The “.COM Registry Agreement Amendment” is on the Main Agenda for this Thursday’s Regular Meeting of the ICANN Board.

The proposed extension of the RA was announced and put out for public comment on June 30th. The public comment period closed on August 12th and ICANN staff’s Report of Public Comments was due on September 15th, coincident with the Board meeting. The original due date for that staff Report was August 26th, but was pushed back to accommodate the large number of comments and the divergent views they expressed. ICANN staff, however, beat the September 15th deadline and filed their Report on September 10th.

The .Com RA is designed to synchronize the start and end dates of that Agreement with the new Root Zone Management Agreement (RZMA) that will be entered into by ICANN and Verisign and take effect on the day of the IANA transition, currently scheduled for October 1st. If the transition is delayed by Washington political maneuvering that will of course affect the start dates for both the extended .Com RA and the RZMA.

In its announcement of the proposed extension, ICANN explained:

Verisign has been providing “registration services” under its Cooperative Agreement with NTIA, which was broadly defined to include root zone management functions and Top Level Domain registry services. Given the unified nature of the present Cooperative Agreement, much of the root zone infrastructure itself is inextricably intertwined with Verisign’s TLD operations for .com as discussed in greater detail in the blog.

The extension of the term of the .com registry agreement is intended to maintain stable, secure, and reliable operations of the root zone not only for direct root zone management service customers (Registry Operators, Registrars and Root Server Operators), but also to maintain the security and stability of the Internet’s domain name system.

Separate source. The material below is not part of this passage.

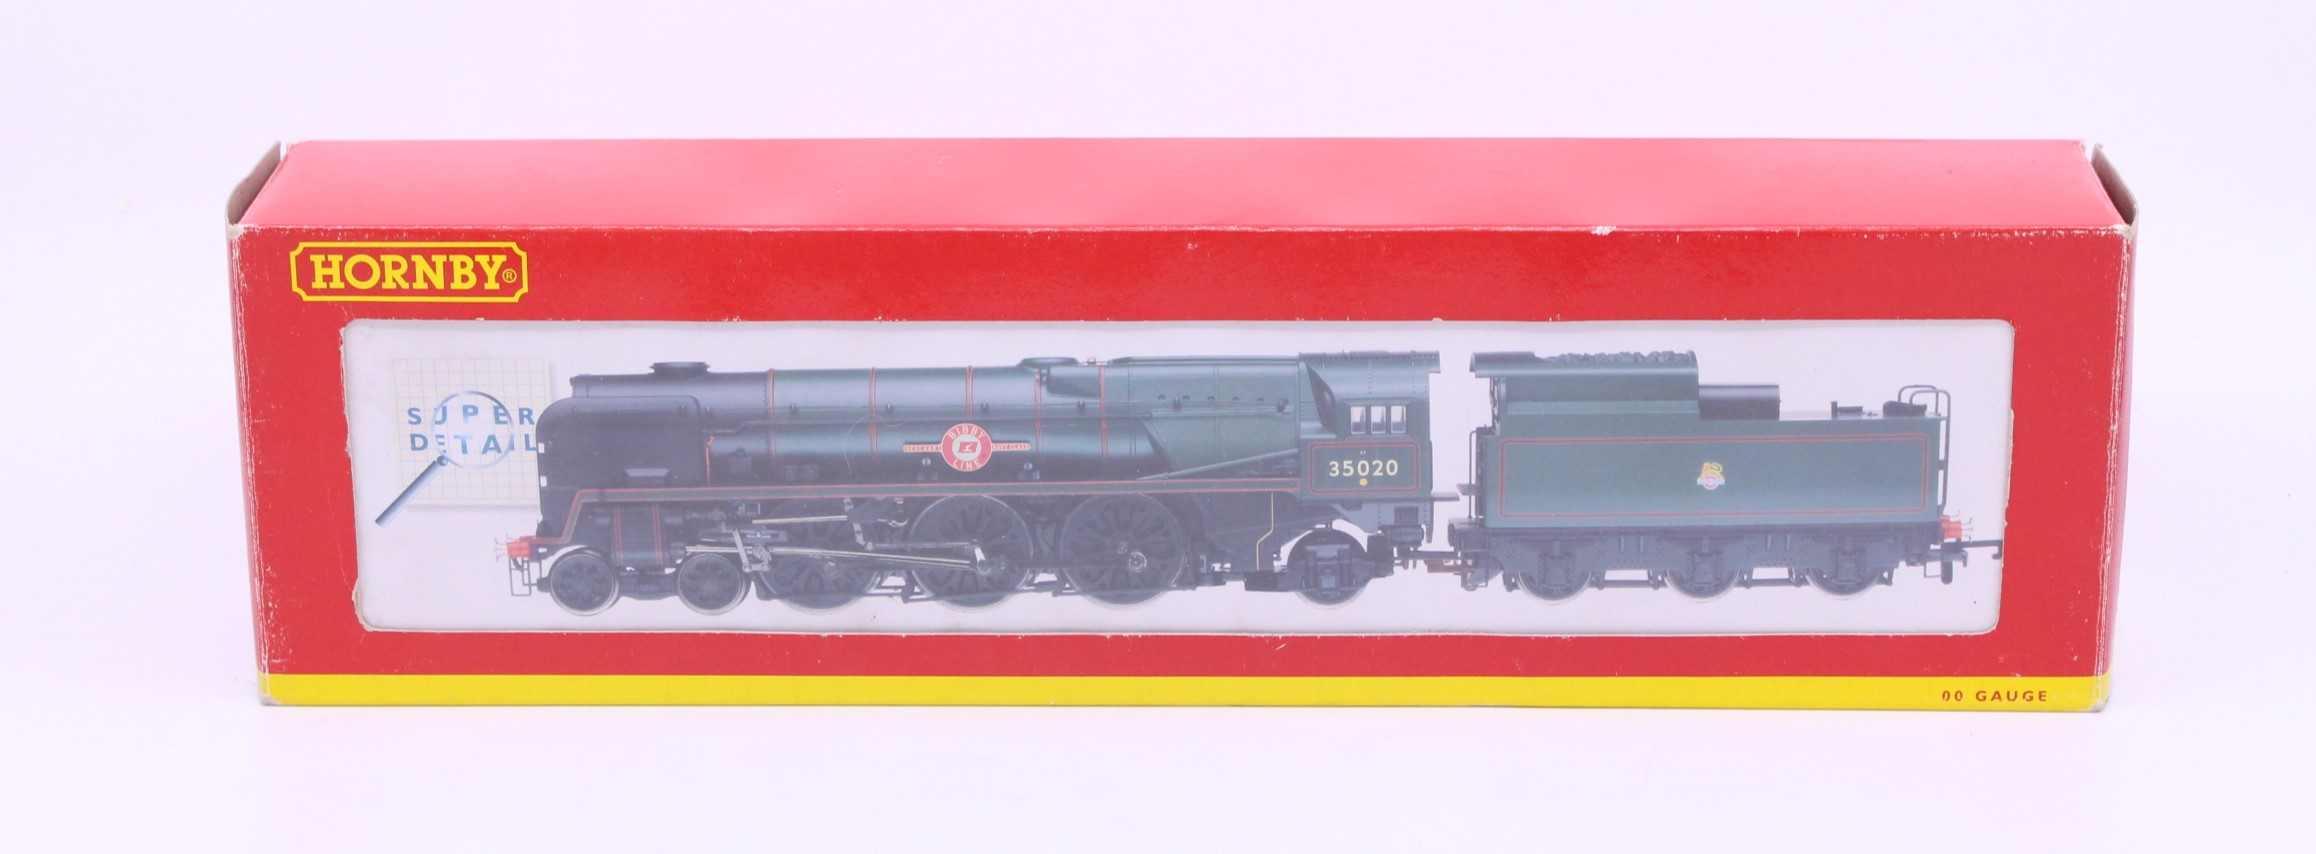 Hornby: A boxed Hornby, OO Gauge, BR 4-6-2 35020 'Bibby Line' Merchant Navy Class Locomotive and

The referenced blog post was penned by Global Domains Division (GDD) head Akram Atallah and further explained:

Given the unified nature of the present Cooperative Agreement, much of the root zone infrastructure itself is “inextricably intertwined” with Verisign’s TLD operations for .com: the servers that provide root services are hosted at every .com resolution site (over 100 locations). These servers share bandwidth, routing and monitoring with the .com operations, and the servers use the same code base as the .com TLD name servers and are operated and maintained by the same operation and engineering group. On the provisioning side, the root zone’s provisioning system is derived from the .com Shared Registration System (SRS), using the structure, schema, and software used for .com provisioning operations. Verisign builds and signs the root zone today using the same cryptographic facilities used for .com as well as signing software derived from that used for signing .com. Importantly, Verisign’s root zone operations are also within the .com’s Denial of Service attack detection and mitigation framework including independent internal and external monitoring and packet filtering at all layers. A key component of ensuring security of the root operations was making sure that those operations continued to benefit from its historic association with the .com operations.

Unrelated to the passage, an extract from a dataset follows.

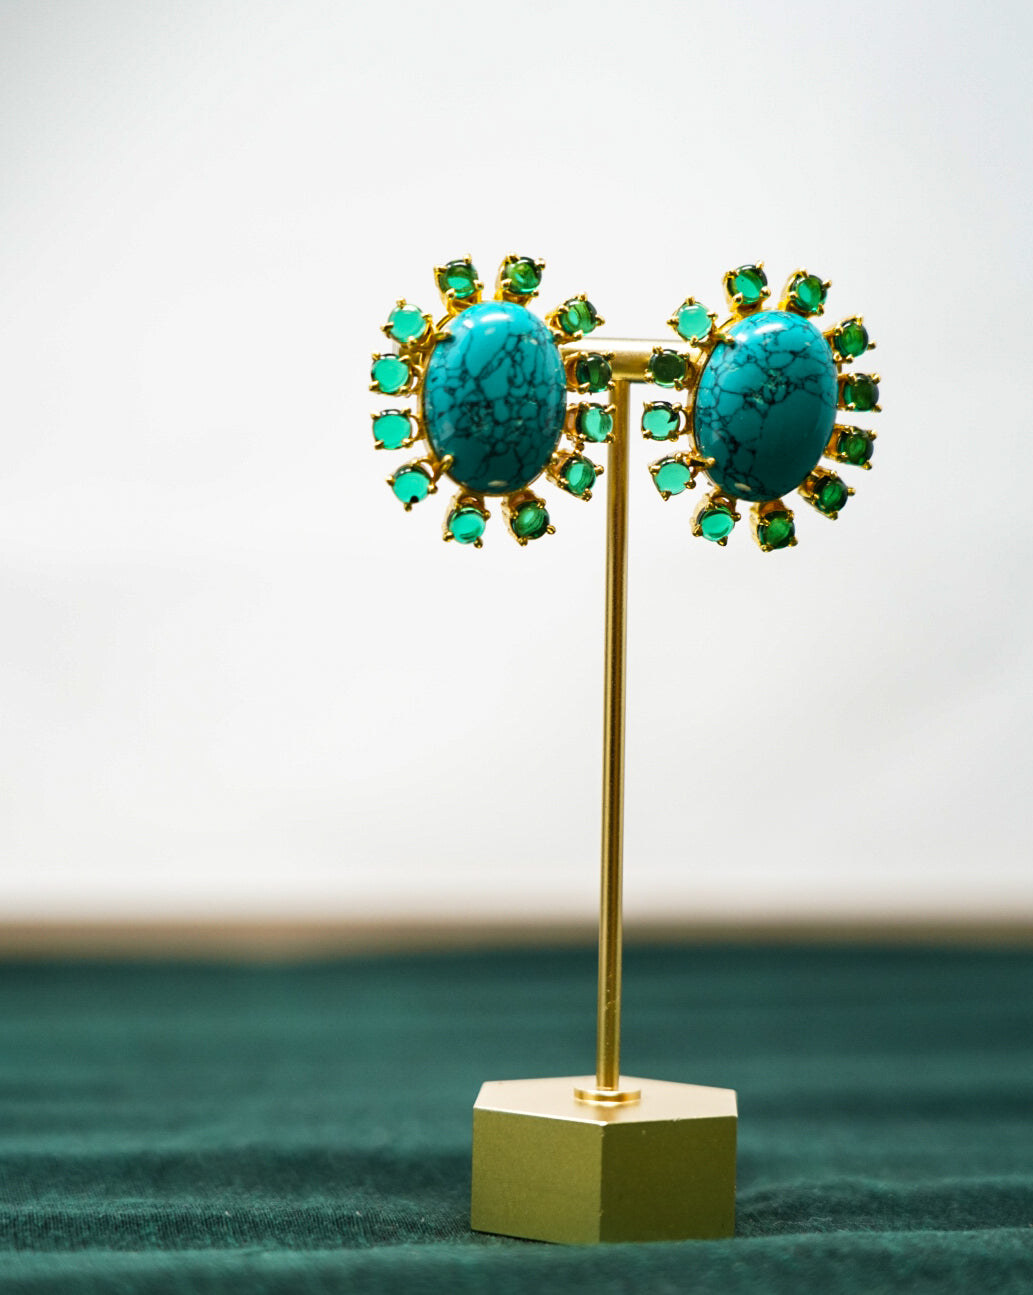 Gold Plated Blue Stud Earrings

As noted, the volume of public comments was heavy and the views contradictory.

A great many comments were generated by domain registrants under the wholly mistaken impression that the RA extension would somehow lift the current wholesale price freeze on .Com and allow Verisign to immediately double prices or more (a move that would likely attract the immediate attention of the Department of Justice’s Antitrust Division as well as the Federal Trade Commission for possible abuse of market power). But those comments were based on a false premise, as the .Com price freeze is contained in an entirely separate document, the Cooperative Agreement between Verisign and the National Telecommunications and Information Administration (NTIA). That agreement runs through the end of November 2018 and, as the Department of Justice recently explained in a letter to Sen. Ted Cruz:

As you may know, Verisign may not extend the .com Registry Agreement without obtaining NTIA’s prior written approval. Amendment 30 of the Cooperative Agreement requires such prior approval and provides the standard for NTIA’s review. In pertinent part, Amendment 30 provides: “[t]he Department [of Commerce] shall provide such written approval if it concludes that approval will serve the public interest in (a) the continued security and stability of the Internet domain name system and the operation of the .com registry ... , and (b) the provision of Registry Services ... offered at reasonable prices, terms, and conditions.” We note that the current extension proposal contemplated by ICANN and Verisign does not change the price cap contained in the 2012 .com Registry Agreement, which will remain in effect through November 30, 2018. Nor does the current extension proposal alter the price cap in Amendment 32 of the Cooperative Agreement. Moreover, if NTIA were to approve an extension of the .com Registry Agreement, it would have the right in its sole discretion to extend the term of the Cooperative Agreement with the current price cap in place until 2024 at any time prior to November 30, 2018, the date on which the Cooperative Agreement is currently scheduled to expire. If this occurs, the $7.85 fee cap would be extended another six years to 2024. (Emphasis added)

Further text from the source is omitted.